У подъезда мы сели в мою Девочку.

– Узнал про свое? – недовольно спросил Артем.

– Практически да. Теперь, по крайне мере, я уверен, что налет на
медтехникум совершили не сатанисты.

– А я ничего не узнал, – пожаловался капитан. – Представляешь,
вечером 7 августа отец Игорь, настоятель Успенского собора
приходит к себе домой – он снимает квартиру у одной старухи, а в
подъезде его поджидают три здоровенных парня. Наскакивают на
старика, затаскивают в квартиру, избивают, связывают,
садятся на него и... начинают пить шампанское. А в квартире брать
нечего. В комнате хозяйки – только старый телевизор и
столовый серебряный сервиз, у попа – несколько дешевых икон и
Библия. Налетчики ничего этого не трогают, допивают свой
«шампунь» и уходят восвояси. А теперь нашему отделу совместно с
областным УВД приходится расследовать это дело...

– Куда ехать? – спросил я. Я-то знал, о чем беспокоится капитан
специального отдела: покушения на священников, разыгранные по
одному и тому же сценарию, происходят из года в год – 7
августа. В прошлом году так было, в позапрошлом... да и в будущем,
наверное, будет так же. Если ФСБшники все-таки не
докопаются до вандалов и не прекратят эти нападения.
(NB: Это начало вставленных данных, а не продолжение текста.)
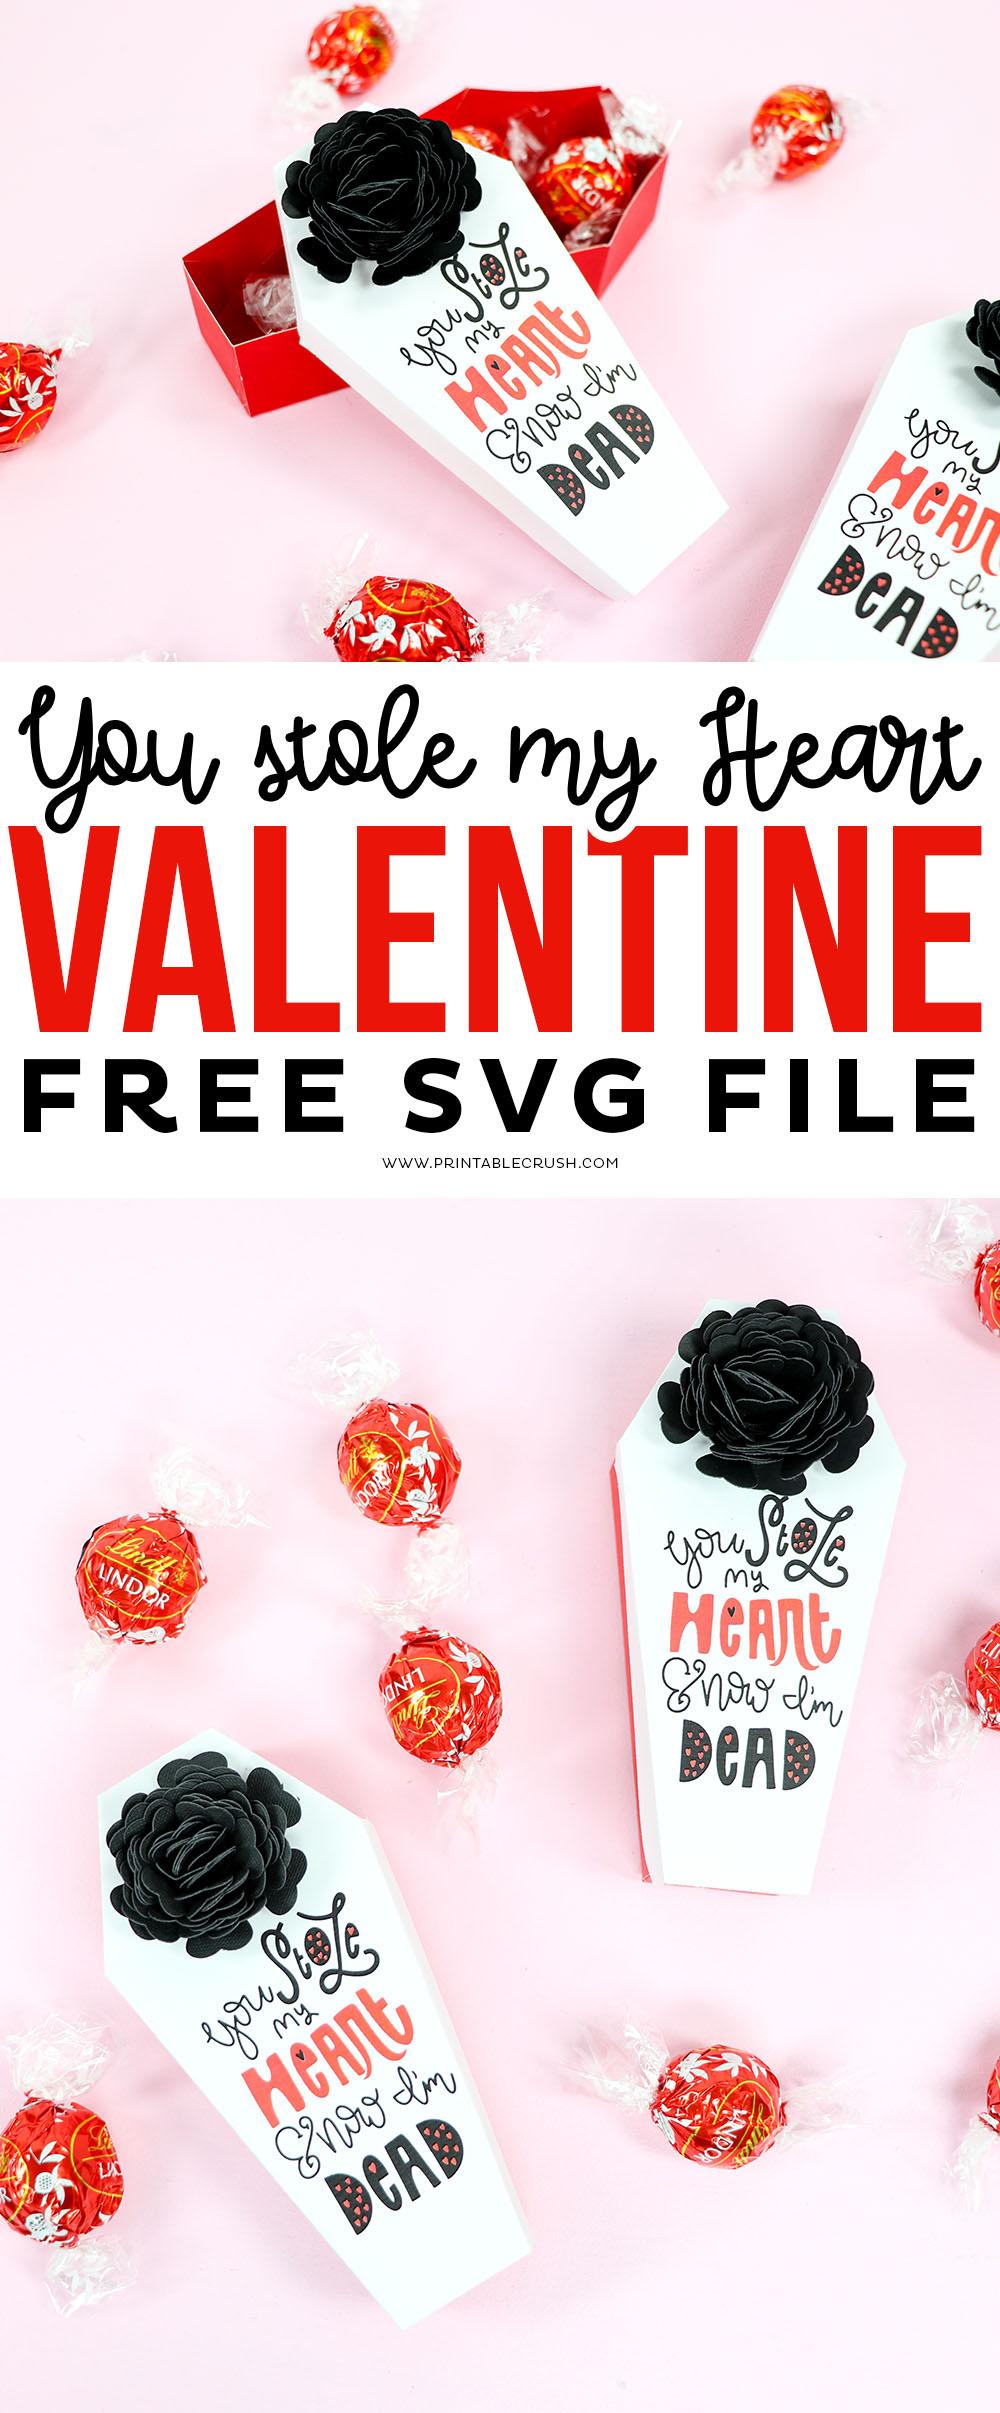 You Stole My Heart and Now I'm Dead Valentine Free SVG File #freesvgfile #valentinesday #valentinecraft #svgfiles #cricutcrafts via @printablecrush

А это сделать не
так уж легко, потому что нужно искать не исполнителей
«ритуала», а его корни.

Артем словно не услышал моего вопроса: «Куда ехать?».

– Кстати, – продолжал он, – органам стало известно о твоей операции
в кнутовском амбаре.

– Серьезно?! И по каким каналам?

Капитан еще больше посерел:

– По самым главным. Но я хотел поговорить с тобой о другом. То, что
ты лазил на склад к Кнуту, ерунда. Я решил сделать тебе
подарок... на память... вот это...

В руках его появился маленький новый диктофон. Артём поставил его на
запись, а потом нажал клавишу «Стоп» и демонстративно
показал это мне.

– Он сломанный, – сказал Артём, наигранно улыбаясь. – Надеюсь, ты
понимаешь, что это всё, что я могу сделать. Отдел решил
поставить тебя на контроль. Если ты не будешь пользоваться этим
диктофоном, Отдел придумает для тебя другого жучка, и я уже
ничем не смогу помочь.

– А если я буду писать в области? – шутливо спросил я.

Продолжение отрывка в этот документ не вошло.